Княжич всхлипнул, стиснул кулаки и, резко развернувшись, бегом бросился к дверям избы. Дверь скрипнула, впуская его внутрь, закрылась. Гюда все еще продолжала смотреть на отгородившие ее от брата гладкие дверные доски, словно надеясь, что он вот-вот передумает, выйдет наружу, обнимет ее, скажет, что сгоряча наболтал глупостей…
— Он не выйдет, — угадав мысли княжны, сказал Харек.
Взгляд Гюды переполз с дверей на лицо урманина — красивое, холеное, желтоглазое с прямым носом и ровными стрелами бровей.
— Теперь твой брат другой. Он не хочет помнить, кого любил раньше, — зачем-то объяснил Харек. Улыбнулся. — Это хорошо. Не надо мешать ему. Так он сможет выжить.
Гюда понимала, что пытался сказать Волк. Остюг был еще слишком мал, чтоб терпеть воспоминания. Рано или поздно тяжкие думы сломили бы его. Наверное, там, на корабле Орма, они-то и тащили его в царство мертвых. Бросившись на варяга — защищать сестру, он словно скинул их, как змея скидывает ставшую обузой шкуру. Он заставил себя возненавидеть прошлое, он придумал, в чем обвинить тех, кого любил ранее. Не помня прошлого, он смог примириться с нынешним. Так уж получилось…

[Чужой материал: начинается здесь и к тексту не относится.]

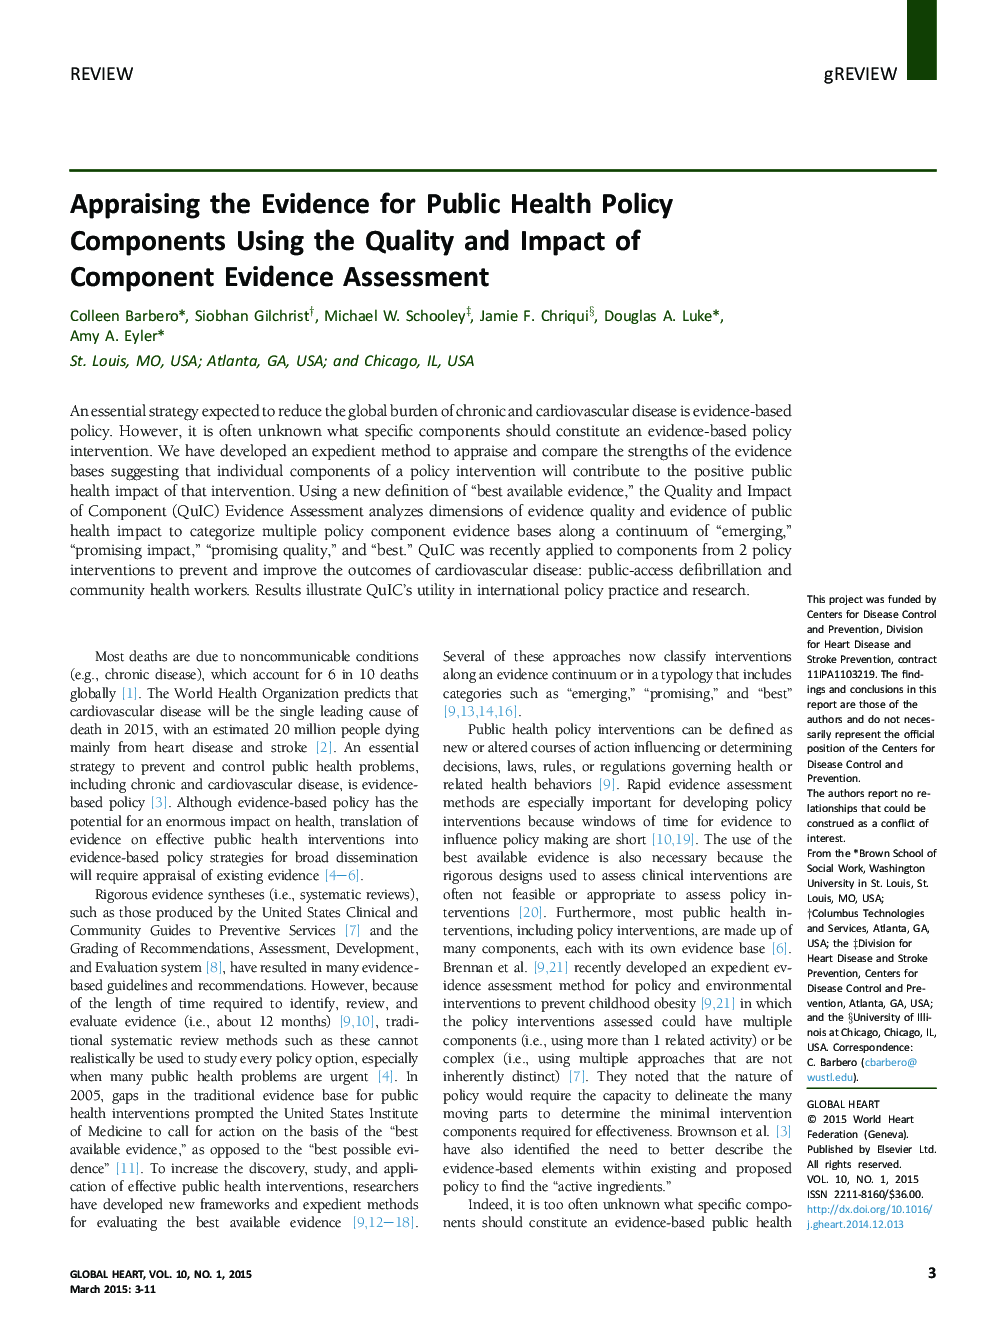 Appraising the Evidence for Public Health Policy Components Using the Quality and Impact of Component Evidence Assessment 
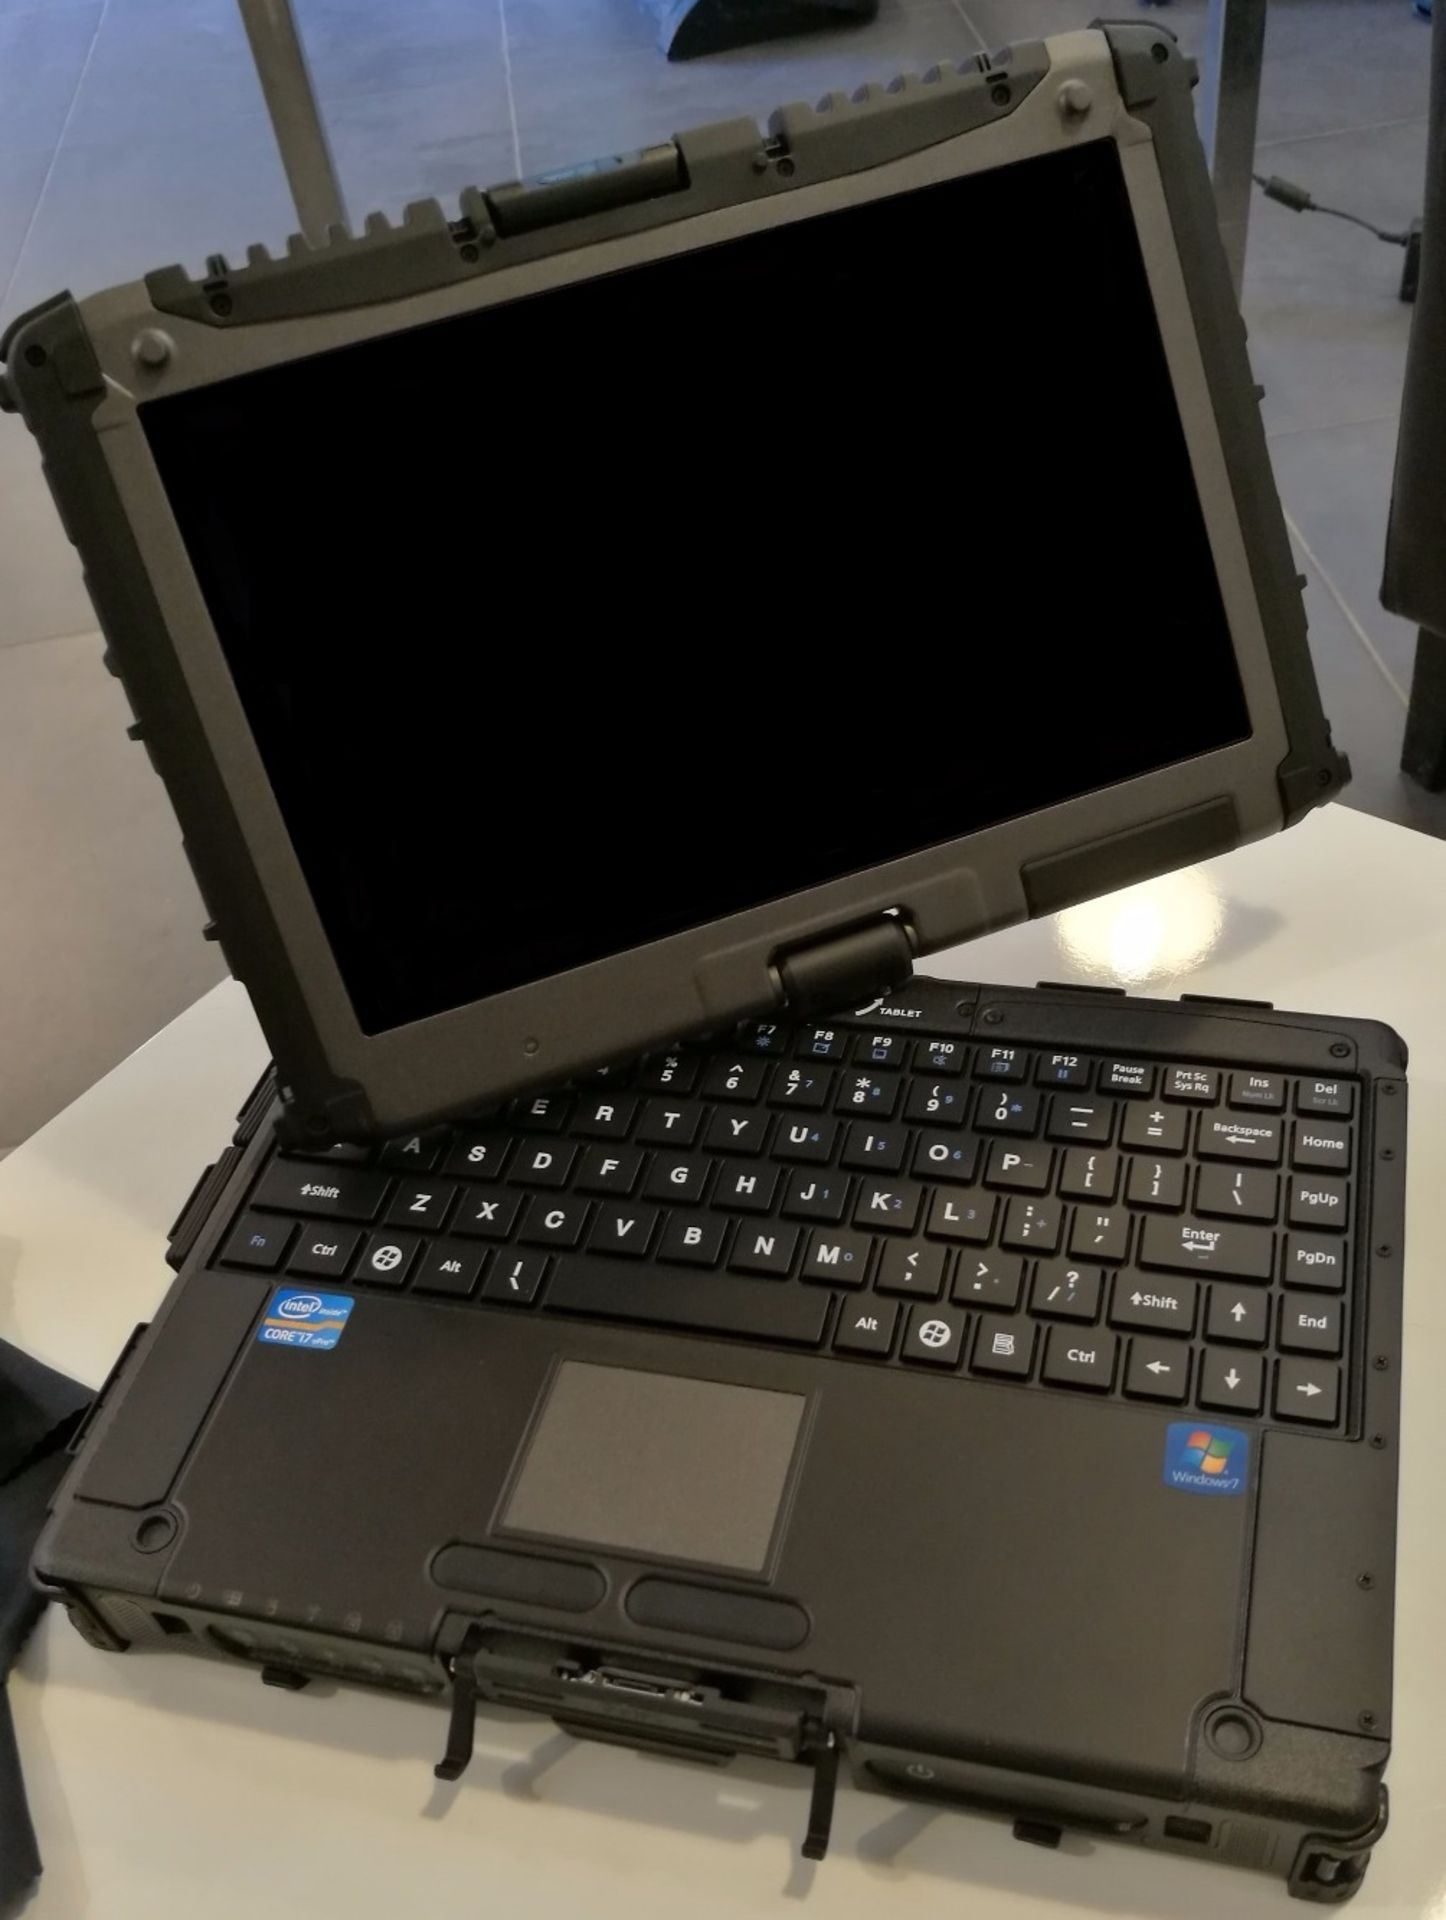 1 x Getac V200 Rugged Laptop Computer - Rugged Laptop That Transforms into a Tablet PC - Features an - Image 2 of 15

Гюда вздохнула, провела ладонью по шее. На руке осталась красная полоска крови — Остюг все же порезал ее. Теперь он, наверное, сидел в избе, забившись в какой-нибудь угол, как затравленный зверь, и изо всех сил старался забыть сестру…
— Ты решила? — вопрос Орма вкрался в раздумья княжны, прервал их.
— Да, — она вновь посмотрела на окровавленную ладошку. Бедный Остюг, как он, должно быть, искренне мечтал никогда больше не видеть ее…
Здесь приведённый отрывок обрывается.